- Theatrical release poster
- Directed by: Costa-Gavras
- Screenplay by: Costa-Gavras Donald E. Stewart
- Based on: The Execution of Charles Horman: An American Sacrifice 1978 book by Thomas Hauser
- Produced by: Edward Lewis Mildred Lewis
- Starring: Jack Lemmon; Sissy Spacek; Melanie Mayron; John Shea;
- Cinematography: Ricardo Aronovich
- Edited by: Françoise Bonnot
- Music by: Vangelis
- Production company: PolyGram Pictures
- Distributed by: Universal Pictures
- Release date: February 12, 1982;
- Running time: 122 minutes
- Country: United States
- Languages: English Spanish
- Budget: $9.5 million
- Box office: $16 million (US)

= Missing (1982 film) =

1982 historical drama film

Missing (stylized as missing.) is a 1982 American biographical thriller drama film directed by Costa-Gavras from a screenplay written by Gavras and Donald E. Stewart, adapted from the book The Execution of Charles Horman: An American Sacrifice (1978) by Thomas Hauser (later republished under the title Missing in 1982), based on the disappearance of American journalist Charles Horman, in the aftermath of the Chilean coup of 1973, which deposed the democratically elected socialist President Salvador Allende.

The film stars Jack Lemmon, Sissy Spacek, Melanie Mayron, John Shea, Janice Rule and Charles Cioffi. Set largely during the days and weeks following Horman's disappearance, it examines the relationship between Horman's wife Beth and his father Edmund and their subsequent quest to find Horman.
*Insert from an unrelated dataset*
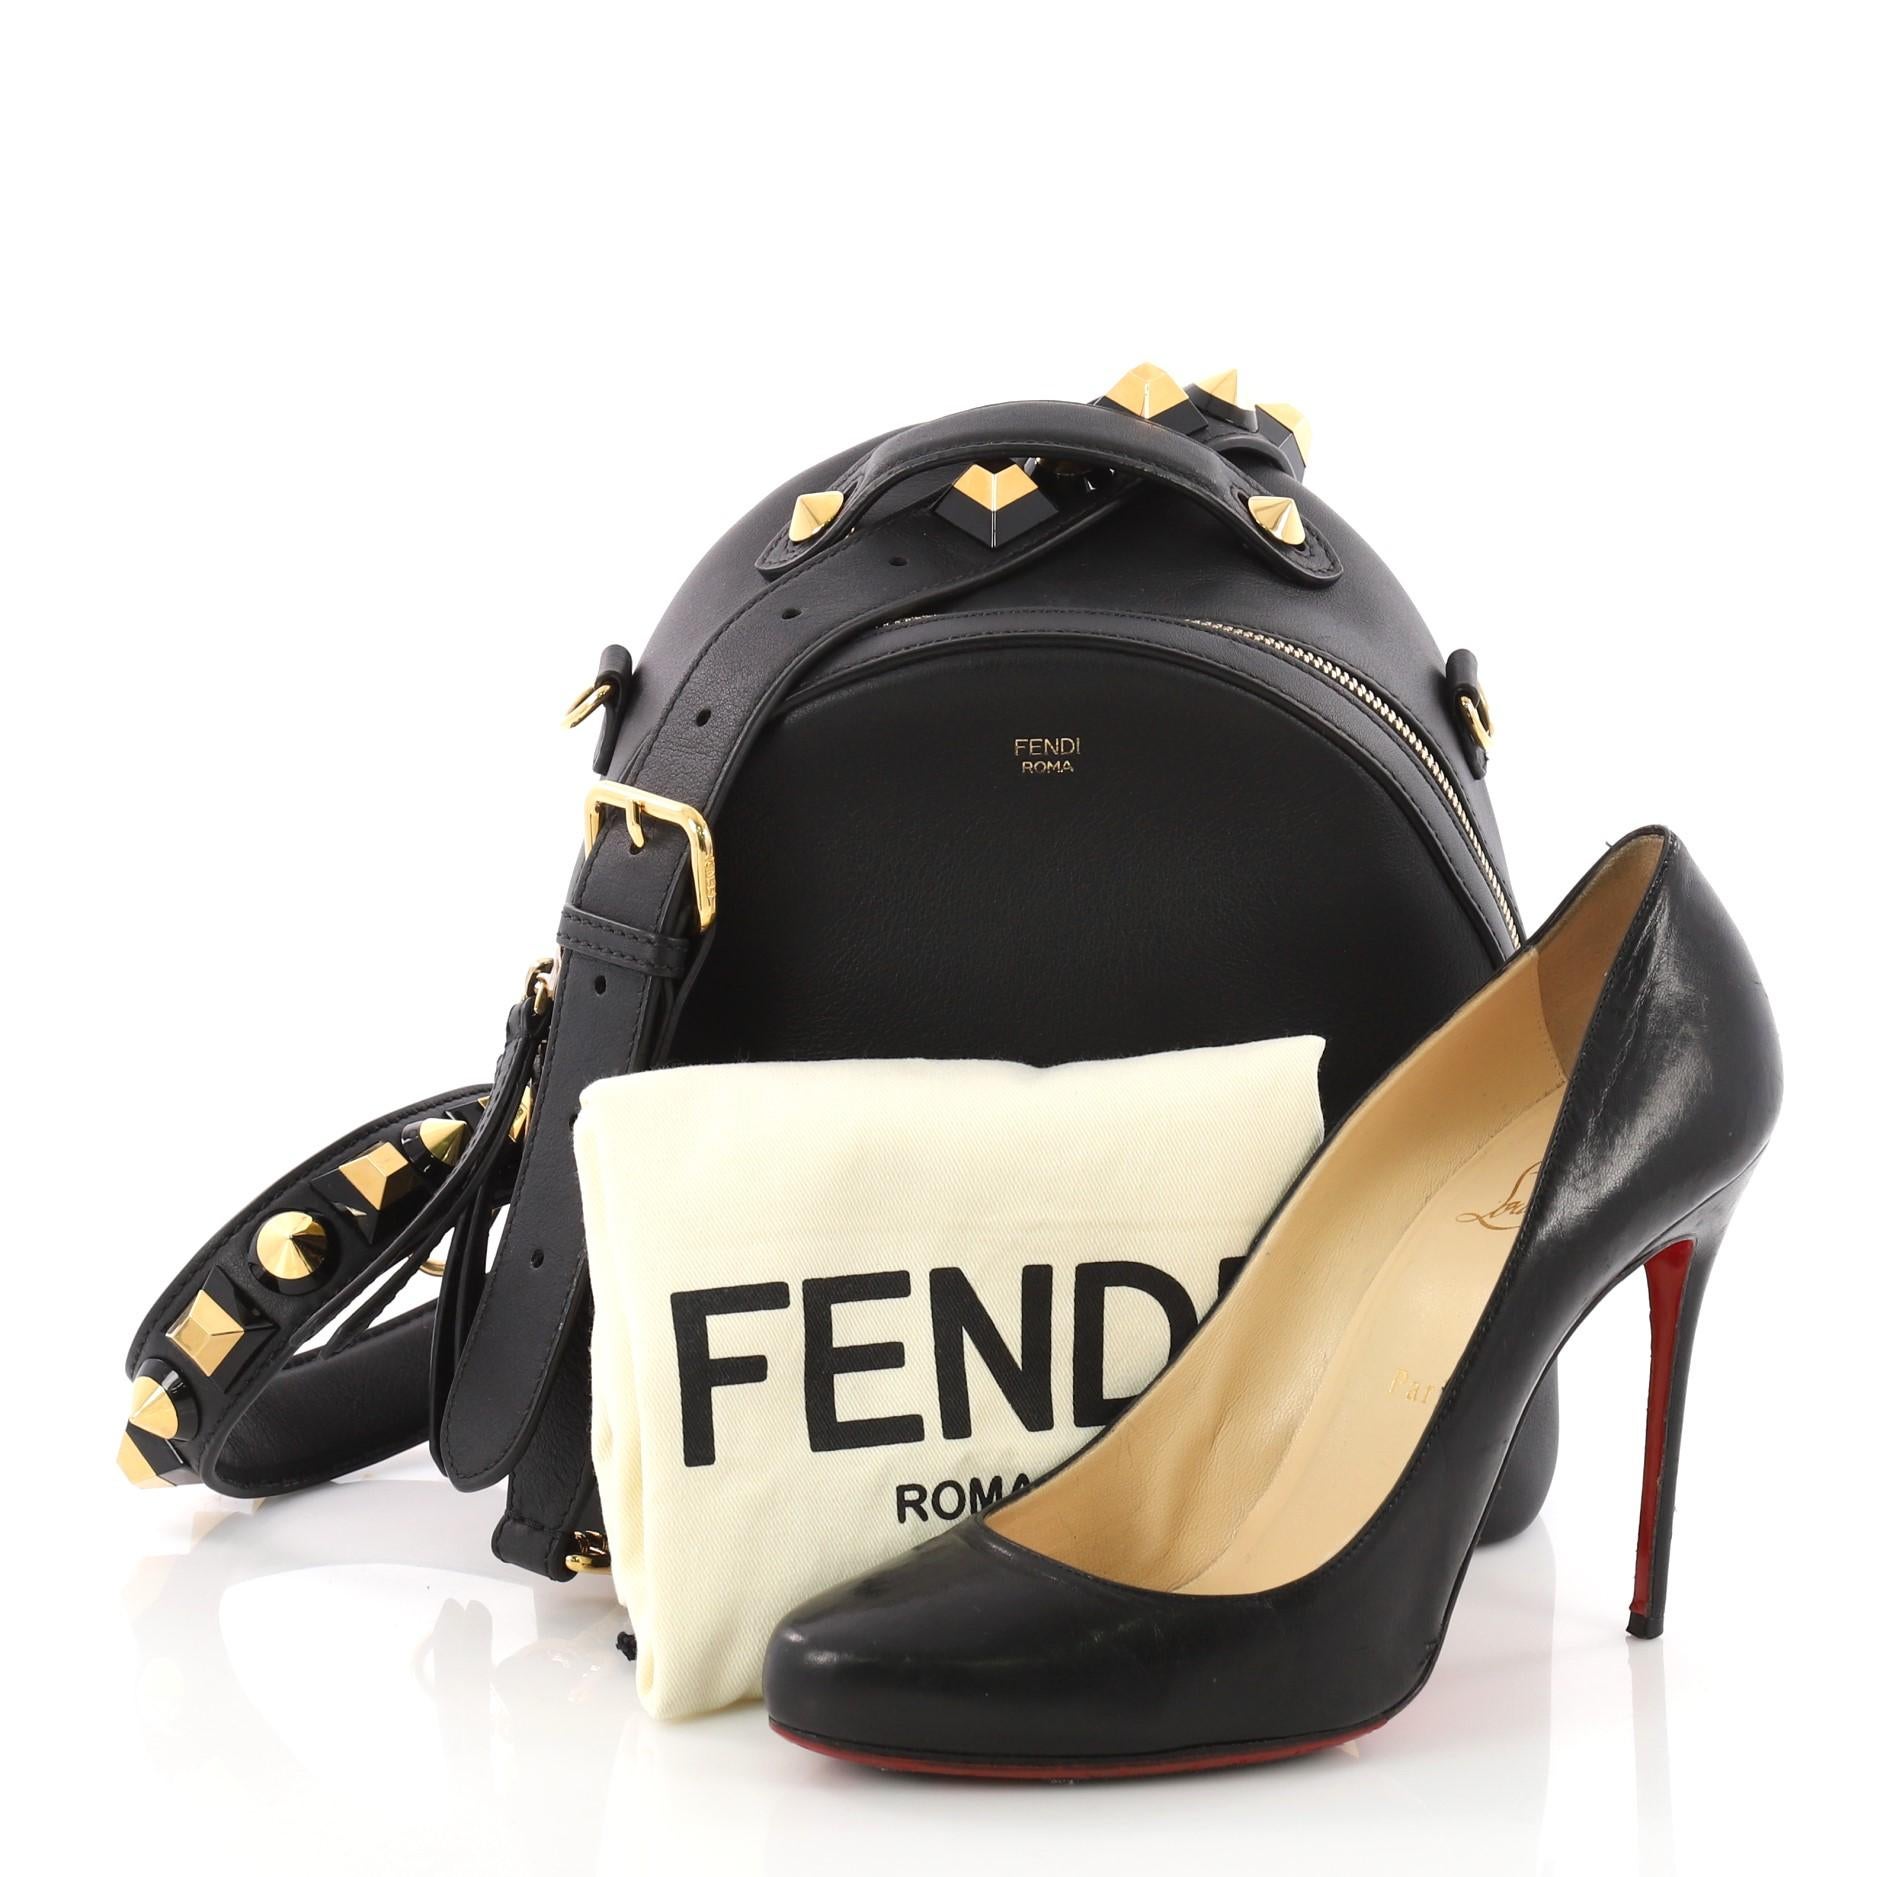 This authentic Fendi By The Way Backpack Crossbody Studded Leather Mini balances a luxurious, playful style made for on-the-go fashionistas. Crafted in black leather, this bag features oversize gold studs, leather top handle, detachable studded

Missing was theatrically released on February 12, 1982, to critical acclaim. The film premiered at the 1982 Cannes Film Festival where it was jointly awarded the Palme d'Or (along with the Turkish film Yol), while Lemmon won the Best Actor prize. It received four nominations at the 55th Academy Awards; Best Picture, Best Actor (for Lemmon), Best Actress (for Spacek) and won Best Adapted Screenplay. The film created significant controversy in Chile and was banned during Augusto Pinochet's dictatorship; neither Chile nor Pinochet is mentioned by name, although the Chilean cities of Viña del Mar and Santiago are, as is the airline LAN Chile.

==Plot==
Ed Horman, a conservative businessman from New York, arrives in Chile to search for his son Charlie, a journalist who disappeared during the recent military coup. Ed meets his daughter-in-law, Beth, with whom he has a strained relationship, and they argue over politics. Ed blames his son and daughter-in-law's radical political views for Charlie's disappearance, while Beth blames the American government. Ed leverages his connections to meet with various government officials to uncover the truth about his son's vanishing.
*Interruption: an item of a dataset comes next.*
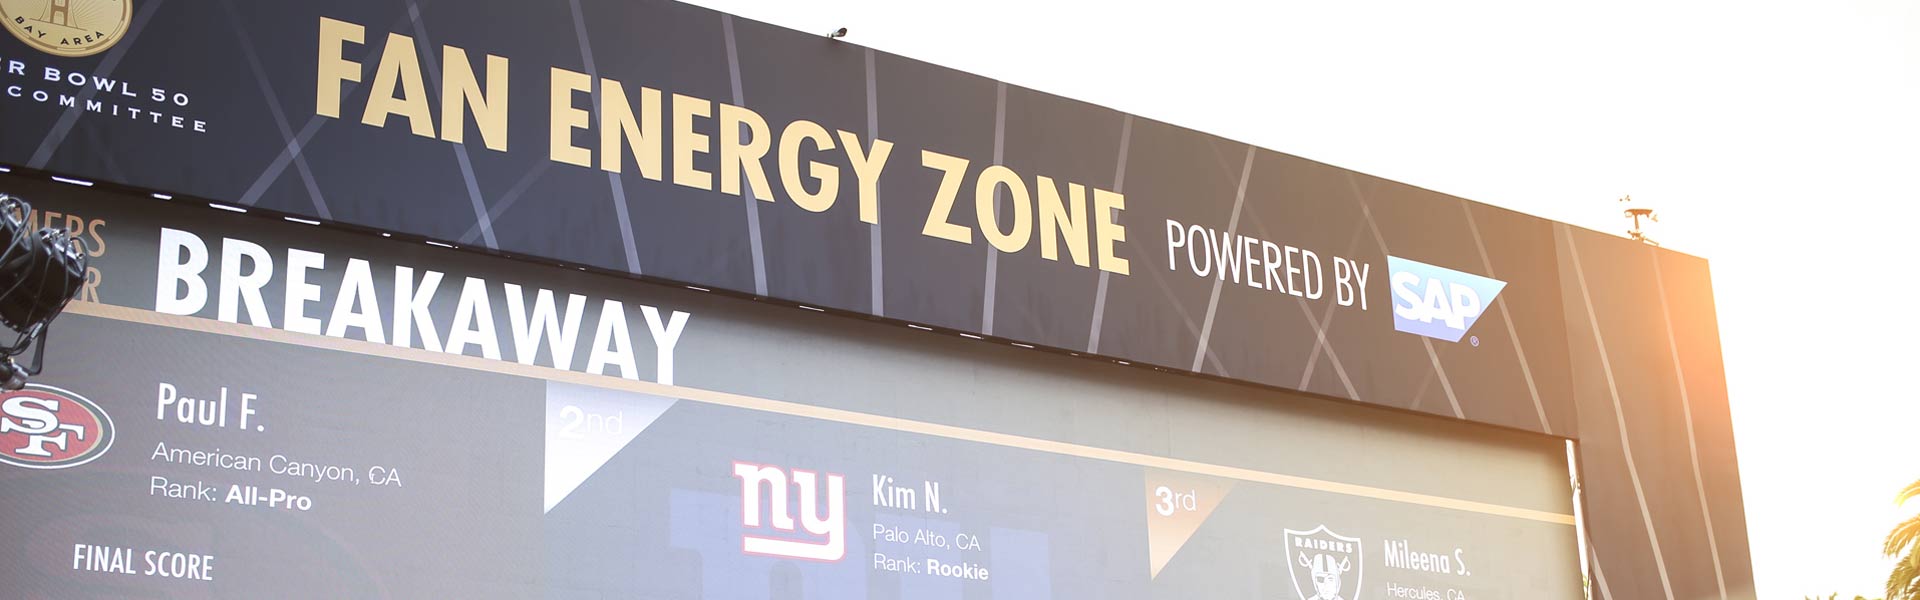 Designing an Engaging Fan Experience at Super Bowl 50

As he investigates, Ed discovers that the American embassy is not as helpful as he expected and suspects them of concealing information about Charlie. One U.S. diplomat is polite and friendly but consistently lies to him; a high-ranking American military attaché is blunt and tells Ed that whatever happened to Charlie was his own fault, stating, "You play with fire, you get burned." Together, Ed and Beth learn that the U.S. had many interests in the country that were enhanced by the coup and its aftermath, and that many military officials aided Pinochet in the coup. As Ed becomes disillusioned with the American government, he comes to respect the work Beth and Charlie were doing, and he and Beth reconcile. When they receive proof that Charlie was murdered by the junta and that the U.S. allowed it to happen, he tells the embassy officials, "I just thank God we live in a country where we can still put people like you in jail!"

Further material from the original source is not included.